# Herbicide Calvary??



## Vol (Jul 5, 2009)

We could use some help.

Regards, Mike

https://www.agweb.com/article/when-will-the-herbicide-cavalry-arrive-naa-chris-bennett/


----------



## rjmoses (Apr 4, 2010)

Given my limited knowledge of botany, I'm of the opinion we need somewhere between 3 and 5 weed control mechanisms that are 95%+ effective. Glyphosate is one example, but I think we need at least 2-4 non-selectives more that have completely different modes. And need to be cost comparative.

My thinking: Nature is very good at adapting to repeated stresses and using the same control mechanism repeatedly over any period of time will cause the surviving plants/animals to profligate.

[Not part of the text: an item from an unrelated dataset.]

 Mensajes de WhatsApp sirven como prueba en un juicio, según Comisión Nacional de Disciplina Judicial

Because Monsanto has dominated the marketplace, they have had no reason to develop alternatives. Further, competitors cannot afford to develop competitive products. Perhaps antitrust actions would be appropriate (if there were any antitrust sheriffs in town any more.)

Also, no till is certainly beneficial and economically advantageous in many ways. In this area, tillage is severally restricted by the USDA, but perhaps appropriate application of periodic tillage, used to bury the seed bank deeply, might work.

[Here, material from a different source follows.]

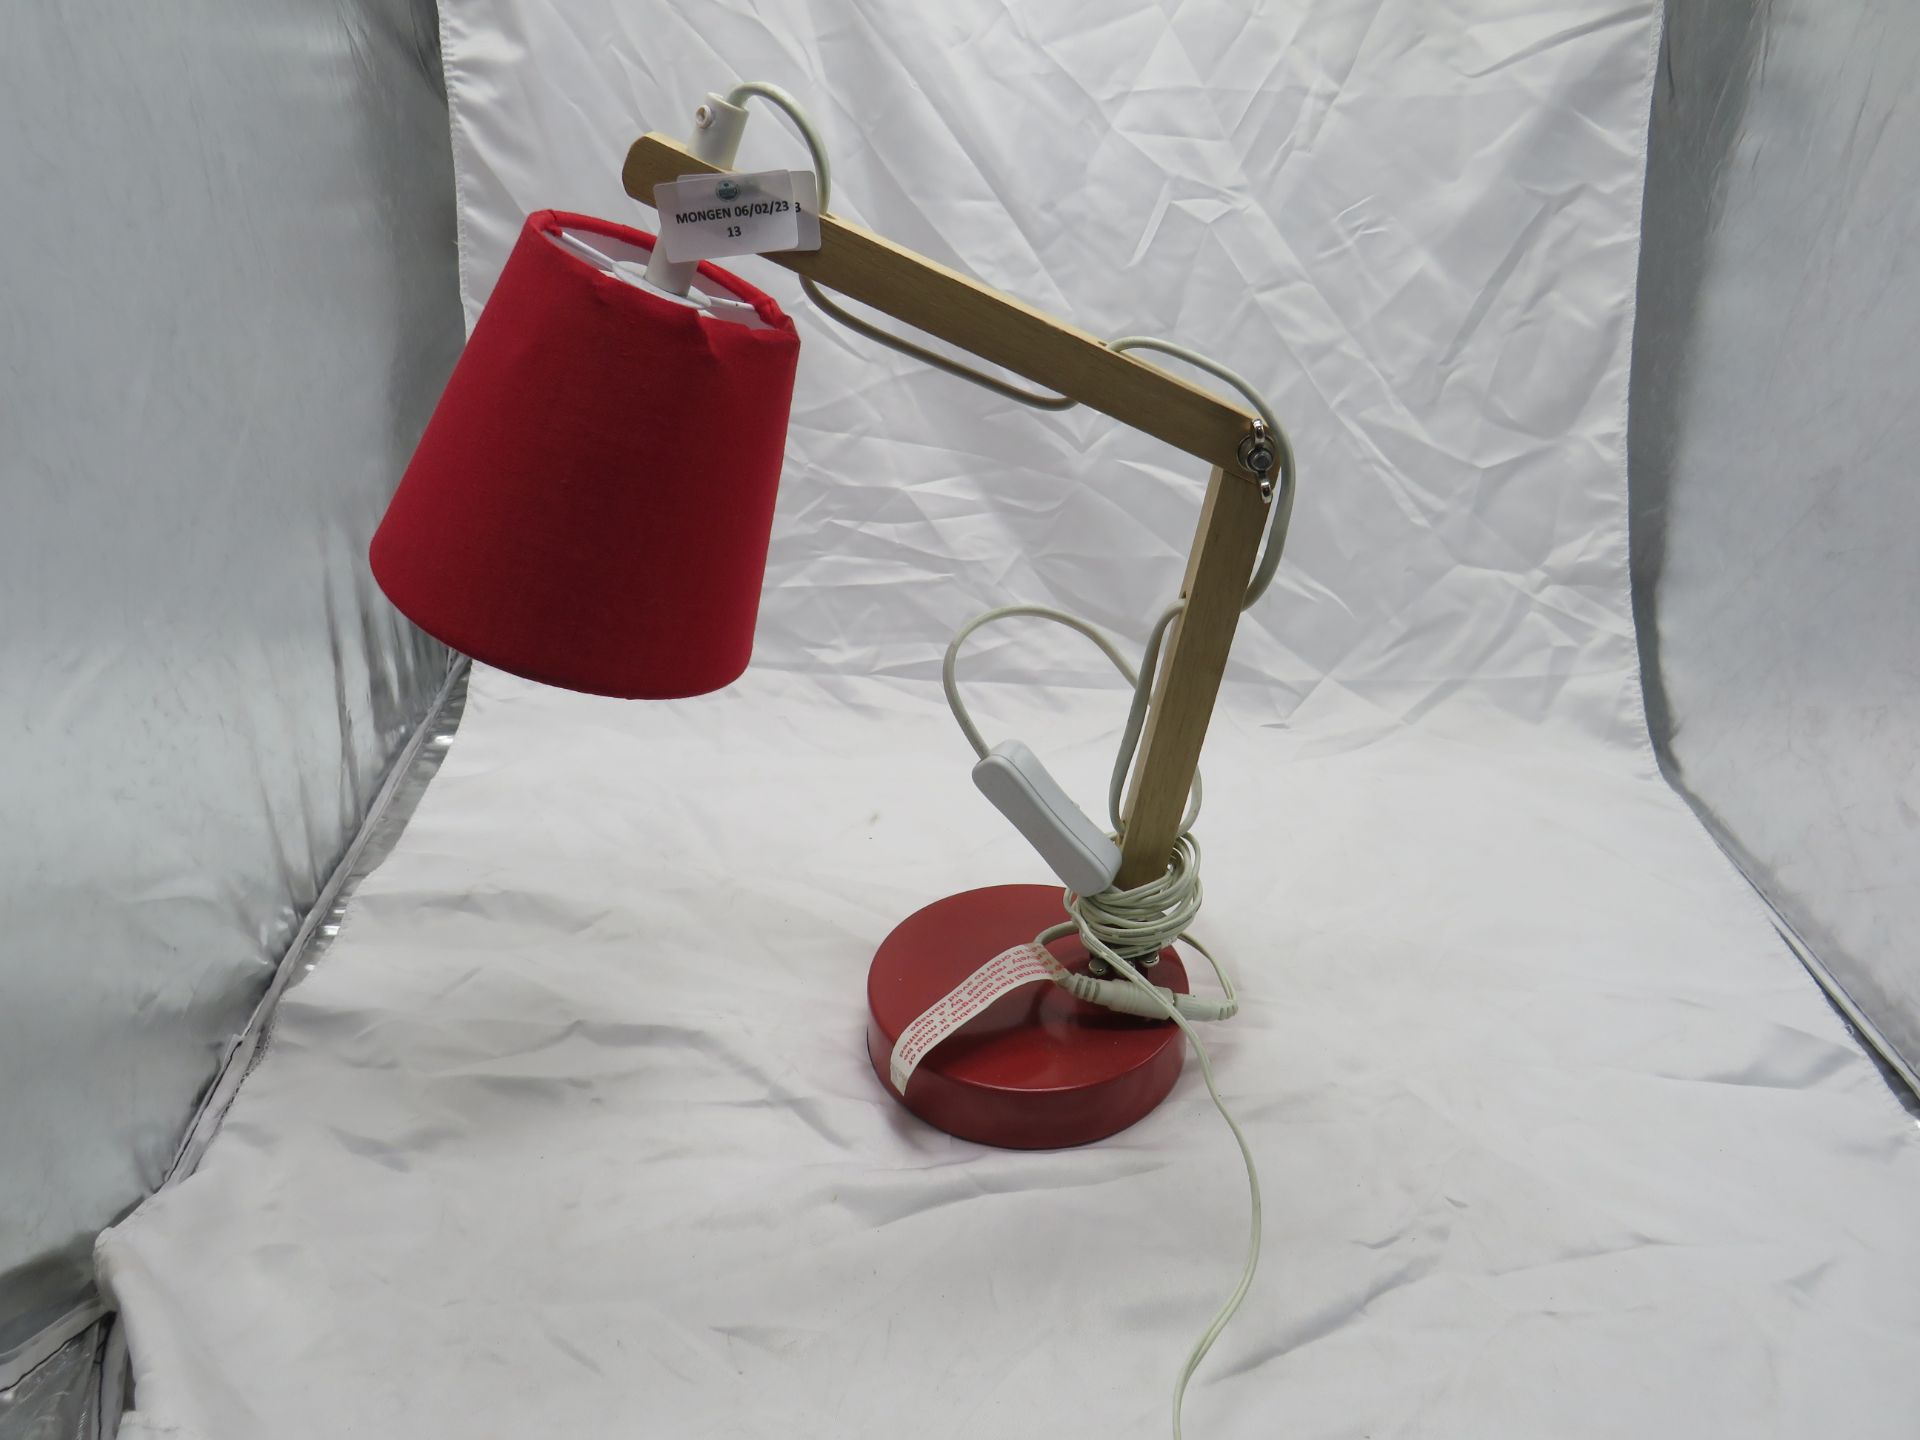 Adjustable Wooden Red LED Desk Lamp - No Packaging.

Also, the corn/bean rotation in this area just does not make practical sense to me. I am of the opinion that there needs to be at least three more crops in the rotation that use different chemical controls than glyphosate.

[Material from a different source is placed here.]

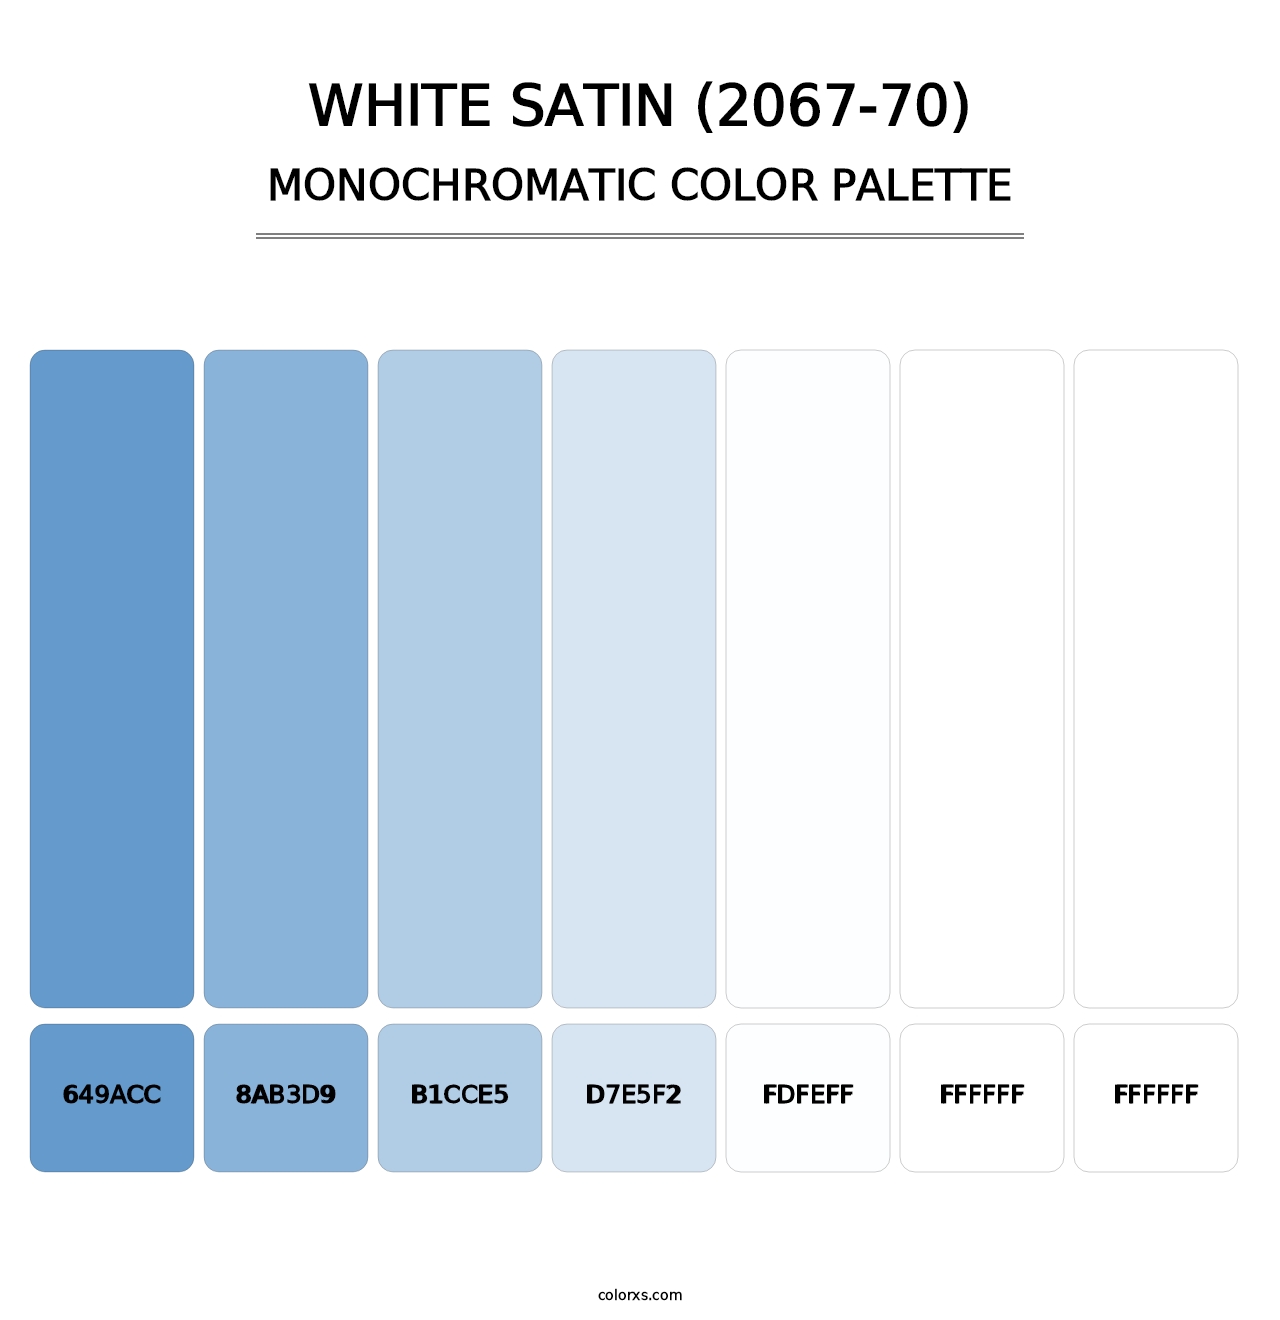 White Satin (2067-70) - Monochromatic Color Palette

But....what do I know? Just thinking....

Ralph


----------



## endrow (Dec 15, 2011)

I think it does look like a problem . When you talk tillage ,I think a moldboard plow would help , but any type of minimum tillage like just discing makes things worse.


----------



## rjmoses (Apr 4, 2010)

endrow said:


> I think it does look like a problem . When you talk tillage ,I think a moldboard plow would help , but any type of minimum tillage like just discing makes things worse.


I was thinking of plowing---maybe once every 5 years.

Ralph


----------